Oh, I hate doing that. I'll end up 'waking up' and doing the same thing two or three times. Or I'll 'wake up' then go 'back to sleep' and then have a dream within a dream.

Boneman, I love flying dreams, but my problem is I always lose the power after a while and then really have to try and keep myself up - as well as avoiding trees and the ground!


----------



## thaddeus6th (Apr 14, 2013)

I don't dream often. I very rarely get to realise they're dreams whilst I'm having them, or get to fiddle with them like this.

Never had a false awakening either.


----------



## hopewrites (Apr 15, 2013)

The worst is when you dream you hit snooze and really you didnt so your alarm stops going of and doesnt come back on, and then you are late for work after dreaming that you got all the way through it just fine.


----------



## clovis-man (Apr 16, 2013)

nightdreamer said:


> I thought about this in response to another thread, and I'm sure it's because I've been tweaking plots for nearly 50 years, but I find myself tweaking dreams.  It's like sometimes, in addition to being in the dream, I'm also observing it, and if I don't like the way things are working out, I go back and change something.  Sometimes, I've gone back and forth through the dream several times making adjustments.  Anyone else do this, or am I just particularly psychotic?


 
It's really quite common and in no way indicative of a mental disorder. It's called confabulation and we all do it to one extent or another. The only way I know of to avoid it (if you really want to) is to have a notepad by your bed and as soon as you half rouse up during a dream, turn on a lamp and write down everything you can remember about the dream. If you don't, your subconscious will fill in the gaps for you and produce your "edited" dream.


----------



## nightdreamer (Apr 16, 2013)

Confabulation wasn't at all what I was talking about.  What I meant was that in the dream I'll think, "That didn't work out right," and then sort of "replay" some of it and the second time dream it so it works out as I think it should.  I think I'm actually dreaming that I'm plotting a story, except experiencing the story while I'm plotting it.


----------



## hopewrites (Apr 17, 2013)

Yeah. Like there are quick save spots or a rewind button. and you can back up and change something.

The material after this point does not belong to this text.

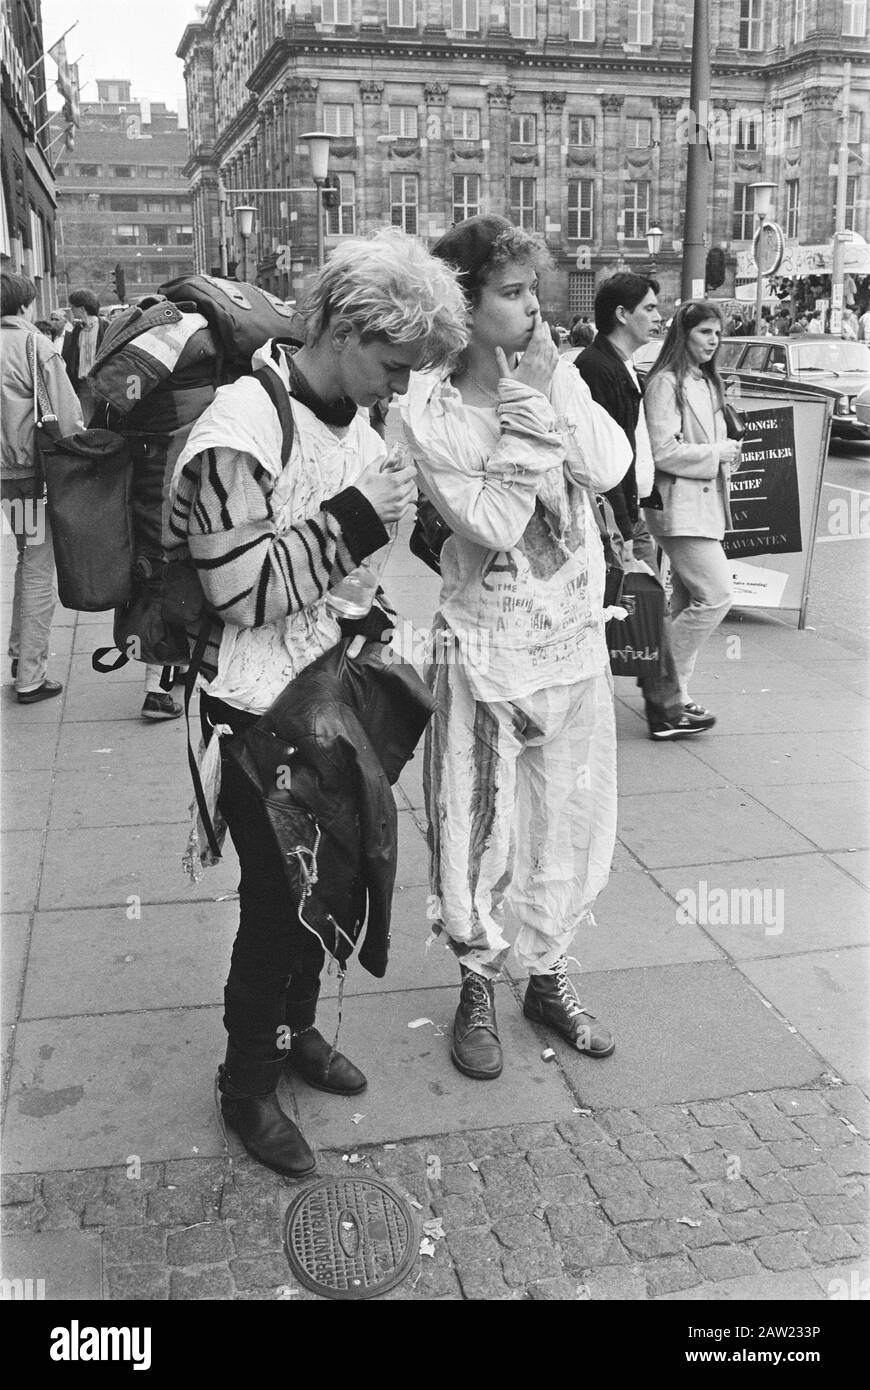 Ostern In Amsterdam; zwei junge britische Rucksacktouristen Datum: 20. April 1984 Ort: Amsterdam, Noord-Holland Schlüsselwörter: Touristen Stockfoto

Cognitive dreaming. In a sporadic way.

I personally prefer the rewind button as it leaves more control for dropping things in along my way back. Quick save just jumps back and makes for d-ja-vu-y dreams.


----------



## Lenny (Apr 17, 2013)

Whilst I don't think I've ever rewound dreams and replayed scenes differently, I do find myself controlling dreams every now and then. The vast majority of my dreams are vivid, everything is in colour (that's always an interesting question to ask people - do you dream in colour or black and white?), and they never seem to be negative, which I get the feeling is weird.

I average lucid dreams a few times a month. I've tried to identify what triggers it, but I've not been particularly disciplined about it. Sometimes I can go for weeks without, and sometimes I lucid dream every night for a week.

It's weird, but my lucid dreams all seem to involve me trying to run but not being able to, or having the ability to fly and finding myself unable to take off (take off tends to be jumping and just continuing, as if I'm pressing a jump button and not letting go).

Locations are often revisited, and sometimes even stories (rarely a re-dream, usually a sequel).

---

Might be strange, but I've always wanted to experience sleep paralysis. I have no recollection of it ever happening, and I think I'd find it quite interesting.


----------



## hopewrites (Apr 17, 2013)

sleep paralysis?


----------



## Lenny (Apr 17, 2013)

It's supposed to quite a terrifying experience that occurs as you wake up or fall asleep - you temporarily lose the ability to move, and it's often accompanied by scary visions (intruders in the room, for example).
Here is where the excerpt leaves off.